So what you’re going to have to do in order to get something to charge 12-volt batteries like these over here what you’re going to have to do is you’re going to have to do this 36 times total. So you’re going to need 36 of them to get to the 18 volts that you need.
So this is what we did just now – I got a couple of blisters in the process – and you can see it’s a pretty tedious process to do. Doing it this way comes out to be about $2 a watt, maybe a little bit less than that. As you can see, these are very fragile – they break easily – so you have to encase them really good. You need to put a glass cover over them; you need to seal this so moisture doesn’t get in there. There’s really a lot to the DIY process with this.

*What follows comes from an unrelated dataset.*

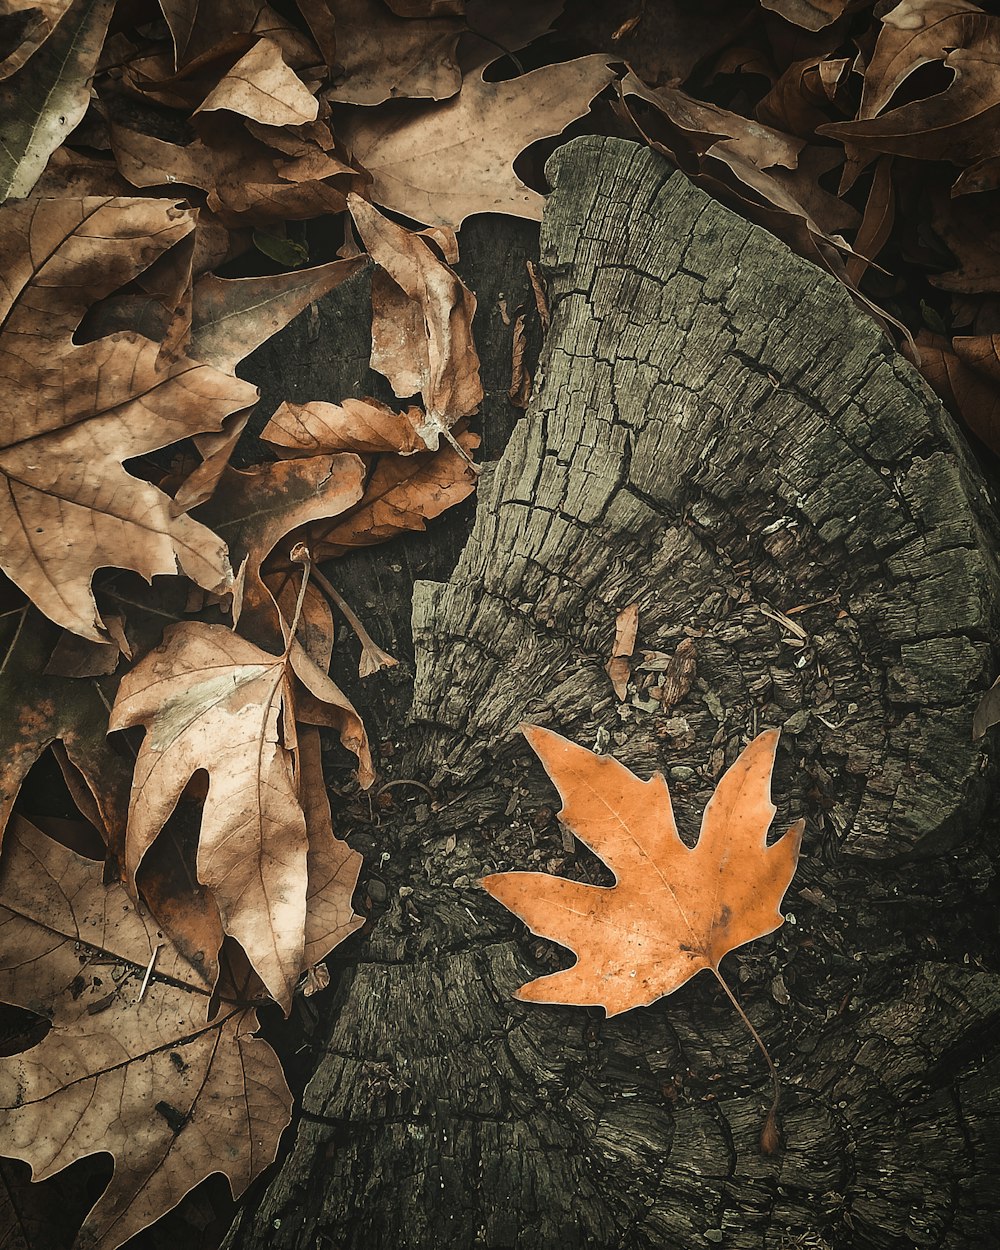 500+ Maple Leaf Pictures [HD] | Download Free Images on Unsplash

To encase it, does somebody “improv” on that or is there a traditional case to use?
Well, we’re going to be doing that in future videos, we’re going to be actually trying different ideas. You basically make a frame, encase it in glass, and seal it so that moisture doesn’t get in there. Some people will seal these in resins or waxes and that’s a good way too. It is a pretty tricky process; I personally don’t really necessarily have the patience to do an entire panel – we’re going to do it for our video.
Well, it seems a little bit hard to get the soldering and the strips on there just right – within time it would come a lot easier.
Well, it’s definitely a practice thing and our soldering iron, by the way, is not a good soldering iron for this. You want to buy a really good one that gets a really good heat buildup to it and it’ll be a lot easier!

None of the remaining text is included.